[<prev] [next>] [<thread-prev] [thread-next>] [day] [month] [year] [list]
Message-ID: <20121001161437.GB18051@redhat.com>
Date: Mon, 1 Oct 2012 18:14:37 +0200
From: Andrea Arcangeli <aarcange@...hat.com>
To: "Kirill A. Shutemov" <kirill.shutemov@...ux.intel.com>
Cc: Andi Kleen <ak@...ux.intel.com>,
Andrew Morton <akpm@...ux-foundation.org>, linux-mm@...ck.org,
"H. Peter Anvin" <hpa@...ux.intel.com>,
linux-kernel@...r.kernel.org,
"Kirill A. Shutemov" <kirill@...temov.name>,
Arnd Bergmann <arnd@...db.de>, Ingo Molnar <mingo@...nel.org>,
linux-arch@...r.kernel.org
Subject: Re: [PATCH 0/3] Virtual huge zero page
On Mon, Oct 01, 2012 at 04:49:48PM +0300, Kirill A. Shutemov wrote:
> On Sat, Sep 29, 2012 at 04:37:37PM +0200, Andrea Arcangeli wrote:
> > But I agree we need to verify it before taking a decision, and that
> > the numbers are better than theory, or to rephrase it "let's check the
> > theory is right" :)
>
> Okay, microbenchmark:
>
> % cat test_memcmp.c
> #include <assert.h>
> #include <stdlib.h>
> #include <string.h>
>
> #define MB (1024ul * 1024ul)
> #define GB (1024ul * MB)
>
> int main(int argc, char **argv)
> {
> char *p;
> int i;
>
> posix_memalign((void **)&p, 2 * MB, 8 * GB);
> for (i = 0; i < 100; i++) {
> assert(memcmp(p, p + 4*GB, 4*GB) == 0);
> asm volatile ("": : :"memory");
> }
> return 0;
> }
>
> huge zero page (initial implementation):
>
> Performance counter stats for './test_memcmp' (5 runs):
>
> 32356.272845 task-clock # 0.998 CPUs utilized ( +- 0.13% )

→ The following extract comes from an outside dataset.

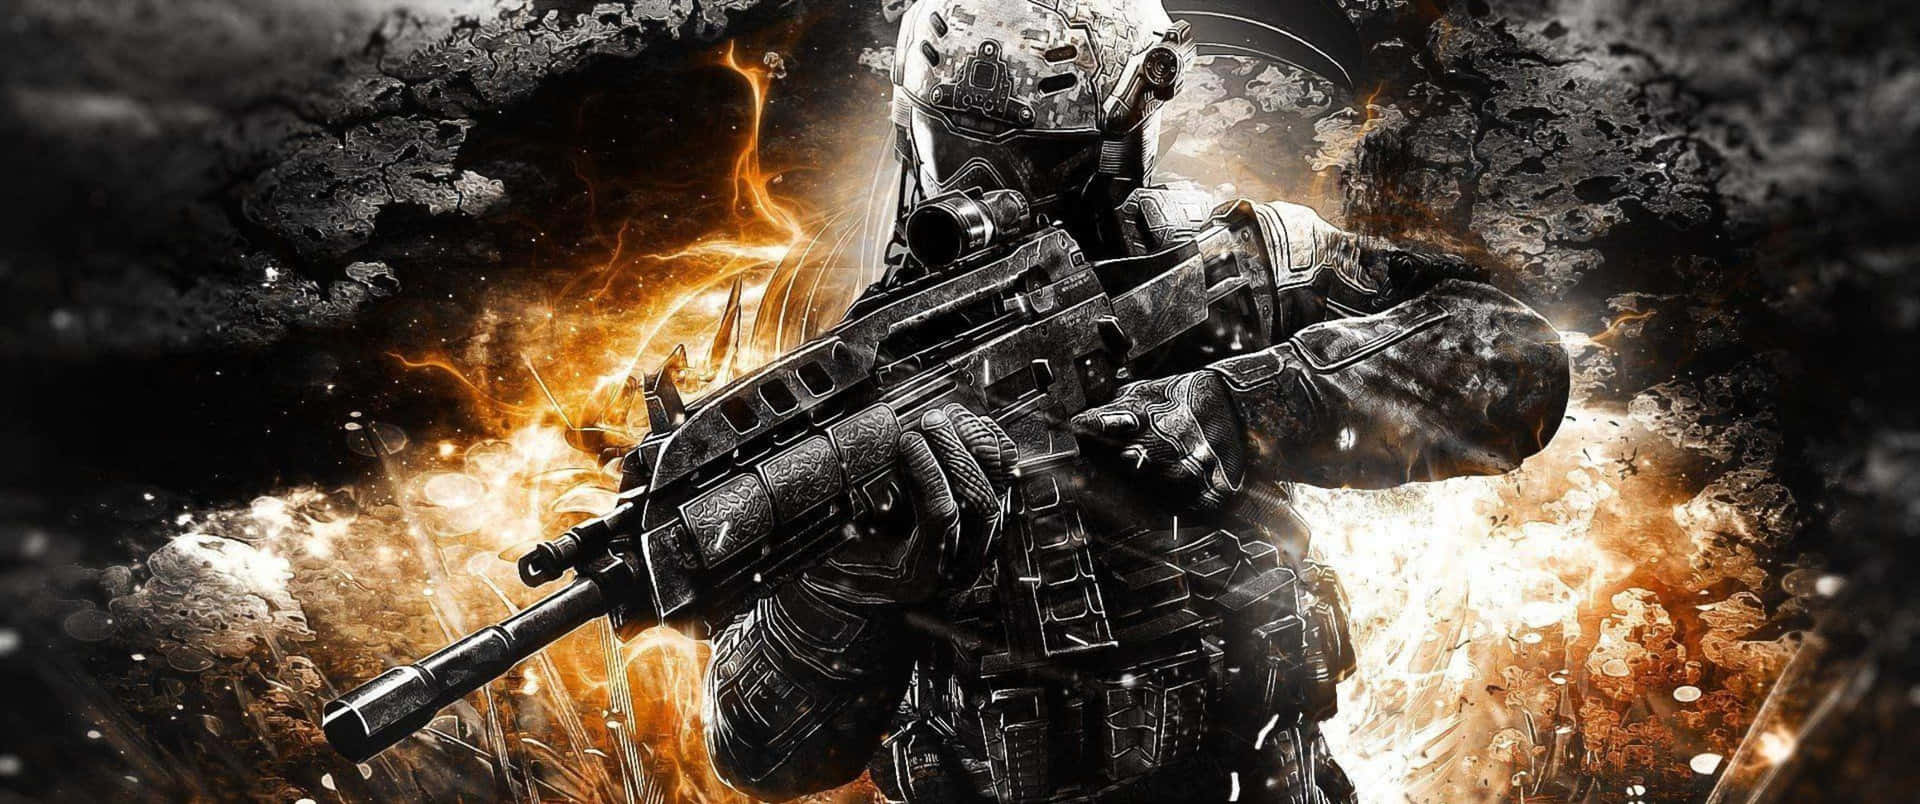 Combattinel Nuovo Call Of Duty: Black Ops 4 - Vivi Un Livello Di Intensità Completamente Nuovo.
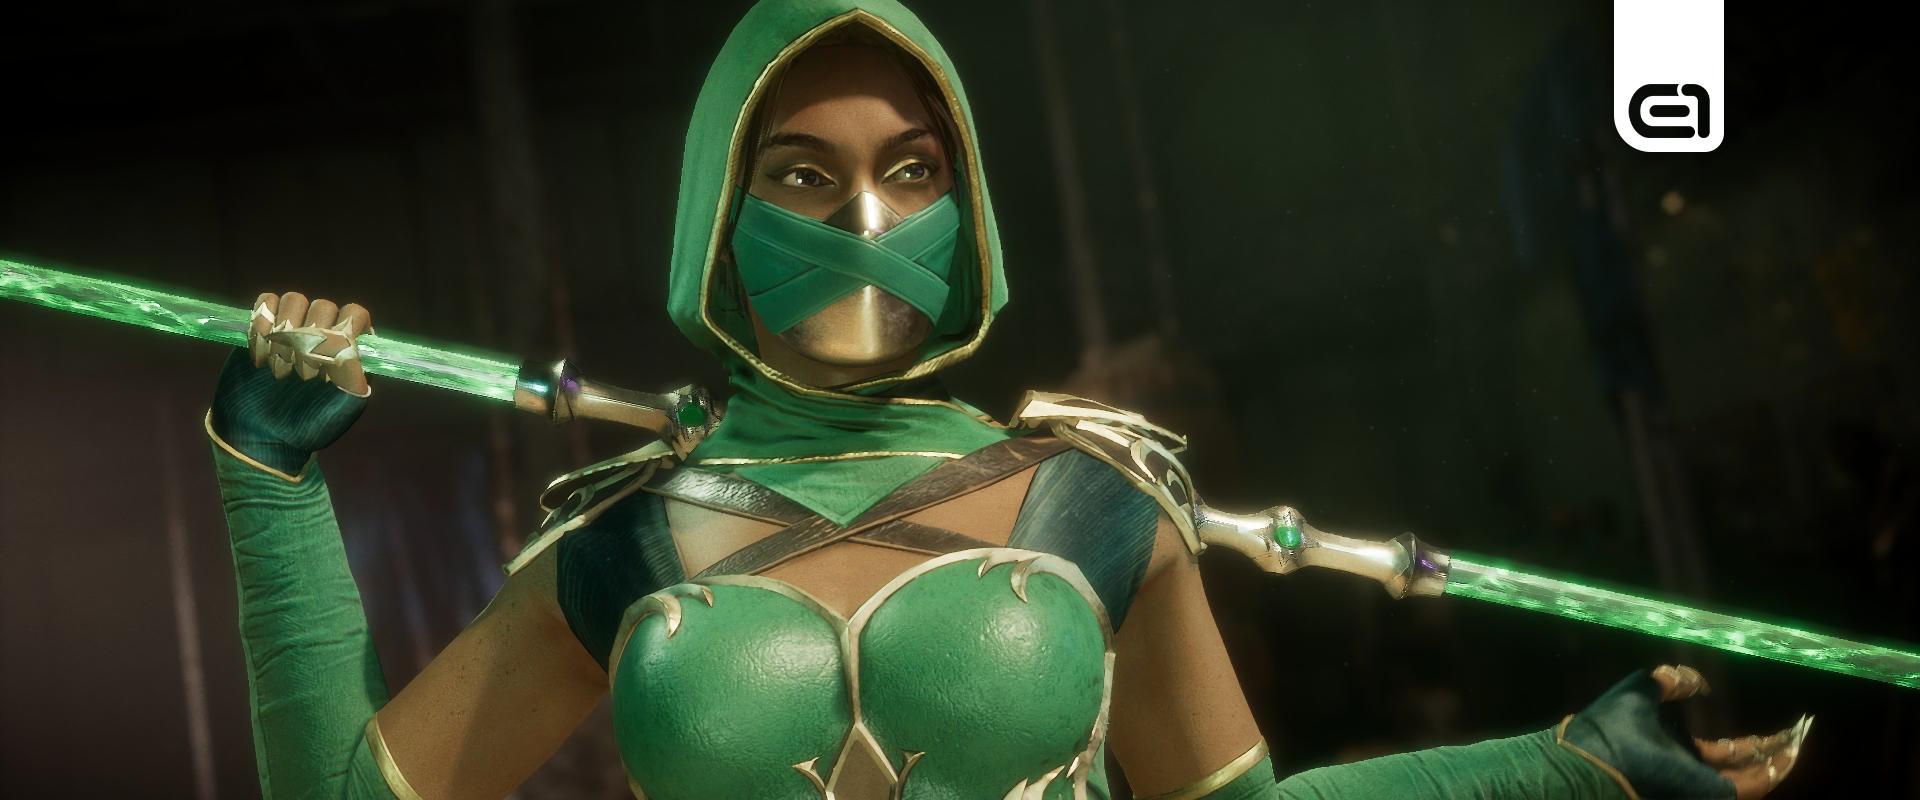 Kiváló színésznőt választottak ki Jade szerepére a Mortal Kombat 2-ben

> 40 context-switches # 0.001 K/sec ( +- 0.94% )
> 0 CPU-migrations # 0.000 K/sec
> 4,218 page-faults # 0.130 K/sec ( +- 0.00% )
> 76,712,481,765 cycles # 2.371 GHz ( +- 0.13% ) [83.31%]
> 36,279,577,636 stalled-cycles-frontend # 47.29% frontend cycles idle ( +- 0.28% ) [83.35%]
> 1,684,049,110 stalled-cycles-backend # 2.20% backend cycles idle ( +- 2.96% ) [66.67%]
> 134,355,715,816 instructions # 1.75 insns per cycle
> # 0.27 stalled cycles per insn ( +- 0.10% ) [83.35%]
> 13,526,169,702 branches # 418.039 M/sec ( +- 0.10% ) [83.31%]
> 1,058,230 branch-misses # 0.01% of all branches ( +- 0.91% ) [83.36%]
>
> 32.413866442 seconds time elapsed ( +- 0.13% )
>
> virtual huge zero page (the second implementation):
>
> Performance counter stats for './test_memcmp' (5 runs):
>
> 30327.183829 task-clock # 0.998 CPUs utilized ( +- 0.13% )
> 38 context-switches # 0.001 K/sec ( +- 1.53% )
> 0 CPU-migrations # 0.000 K/sec
> 4,218 page-faults # 0.139 K/sec ( +- 0.01% )
> 71,964,773,660 cycles # 2.373 GHz ( +- 0.13% ) [83.35%]
> 31,191,284,231 stalled-cycles-frontend # 43.34% frontend cycles idle ( +- 0.40% ) [83.32%]
> 773,484,474 stalled-cycles-backend # 1.07% backend cycles idle ( +- 6.61% ) [66.67%]
> 134,982,215,437 instructions # 1.88 insns per cycle
> # 0.23 stalled cycles per insn ( +- 0.11% ) [83.32%]
> 13,509,150,683 branches # 445.447 M/sec ( +- 0.11% ) [83.34%]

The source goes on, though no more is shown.